### WHAT NEEDS TO BE DONE
Look for the string "Vintage" in the listing below, then copy every line that has it.

╭──

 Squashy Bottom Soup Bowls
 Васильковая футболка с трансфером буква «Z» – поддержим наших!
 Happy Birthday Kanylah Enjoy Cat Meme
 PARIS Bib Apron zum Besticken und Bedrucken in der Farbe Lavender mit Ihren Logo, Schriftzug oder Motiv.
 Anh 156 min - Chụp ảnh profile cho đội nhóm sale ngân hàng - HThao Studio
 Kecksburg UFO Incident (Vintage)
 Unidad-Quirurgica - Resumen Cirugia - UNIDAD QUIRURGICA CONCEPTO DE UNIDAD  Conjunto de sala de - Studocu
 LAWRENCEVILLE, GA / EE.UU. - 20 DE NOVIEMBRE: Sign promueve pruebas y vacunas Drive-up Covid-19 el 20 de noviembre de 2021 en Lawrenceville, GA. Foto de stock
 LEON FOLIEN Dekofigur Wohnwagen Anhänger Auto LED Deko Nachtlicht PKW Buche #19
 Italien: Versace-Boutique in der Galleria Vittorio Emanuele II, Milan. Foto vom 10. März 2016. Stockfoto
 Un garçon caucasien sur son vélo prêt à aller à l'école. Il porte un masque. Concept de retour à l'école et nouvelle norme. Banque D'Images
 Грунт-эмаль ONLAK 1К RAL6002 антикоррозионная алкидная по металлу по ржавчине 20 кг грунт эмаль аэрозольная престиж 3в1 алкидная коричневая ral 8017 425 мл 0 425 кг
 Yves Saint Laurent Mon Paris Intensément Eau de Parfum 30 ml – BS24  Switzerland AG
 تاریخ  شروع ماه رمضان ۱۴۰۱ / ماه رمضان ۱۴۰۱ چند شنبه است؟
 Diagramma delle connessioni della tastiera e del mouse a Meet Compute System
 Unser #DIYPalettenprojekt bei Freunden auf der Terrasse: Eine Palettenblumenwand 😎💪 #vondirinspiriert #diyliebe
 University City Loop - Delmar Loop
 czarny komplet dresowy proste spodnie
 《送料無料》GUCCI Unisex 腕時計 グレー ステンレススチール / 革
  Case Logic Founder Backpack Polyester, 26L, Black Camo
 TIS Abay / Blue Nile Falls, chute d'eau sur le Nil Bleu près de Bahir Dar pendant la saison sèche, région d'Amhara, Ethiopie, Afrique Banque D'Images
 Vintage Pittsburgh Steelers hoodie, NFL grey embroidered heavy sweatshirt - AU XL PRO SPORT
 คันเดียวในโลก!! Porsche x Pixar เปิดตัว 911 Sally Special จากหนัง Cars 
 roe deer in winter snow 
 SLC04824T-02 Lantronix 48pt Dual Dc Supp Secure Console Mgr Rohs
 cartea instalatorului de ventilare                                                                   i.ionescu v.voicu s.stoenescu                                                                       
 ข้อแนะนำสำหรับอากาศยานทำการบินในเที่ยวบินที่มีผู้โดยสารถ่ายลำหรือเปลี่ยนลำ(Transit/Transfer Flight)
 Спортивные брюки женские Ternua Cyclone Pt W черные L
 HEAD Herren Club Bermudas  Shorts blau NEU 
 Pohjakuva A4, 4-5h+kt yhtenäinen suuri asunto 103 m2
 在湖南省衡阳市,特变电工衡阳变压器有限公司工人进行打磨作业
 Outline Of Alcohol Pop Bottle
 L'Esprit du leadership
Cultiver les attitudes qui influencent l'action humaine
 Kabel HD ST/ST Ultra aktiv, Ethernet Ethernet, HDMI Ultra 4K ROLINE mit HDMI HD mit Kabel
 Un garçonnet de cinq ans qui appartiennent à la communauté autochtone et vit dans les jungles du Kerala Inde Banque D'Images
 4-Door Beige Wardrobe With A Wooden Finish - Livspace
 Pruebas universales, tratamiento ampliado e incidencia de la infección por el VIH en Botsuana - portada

╰──

### SOLUTION FOR THIS PROBLEM
 Kecksburg UFO Incident (Vintage)
 Vintage Pittsburgh Steelers hoodie, NFL grey embroidered heavy sweatshirt - AU XL PRO SPORT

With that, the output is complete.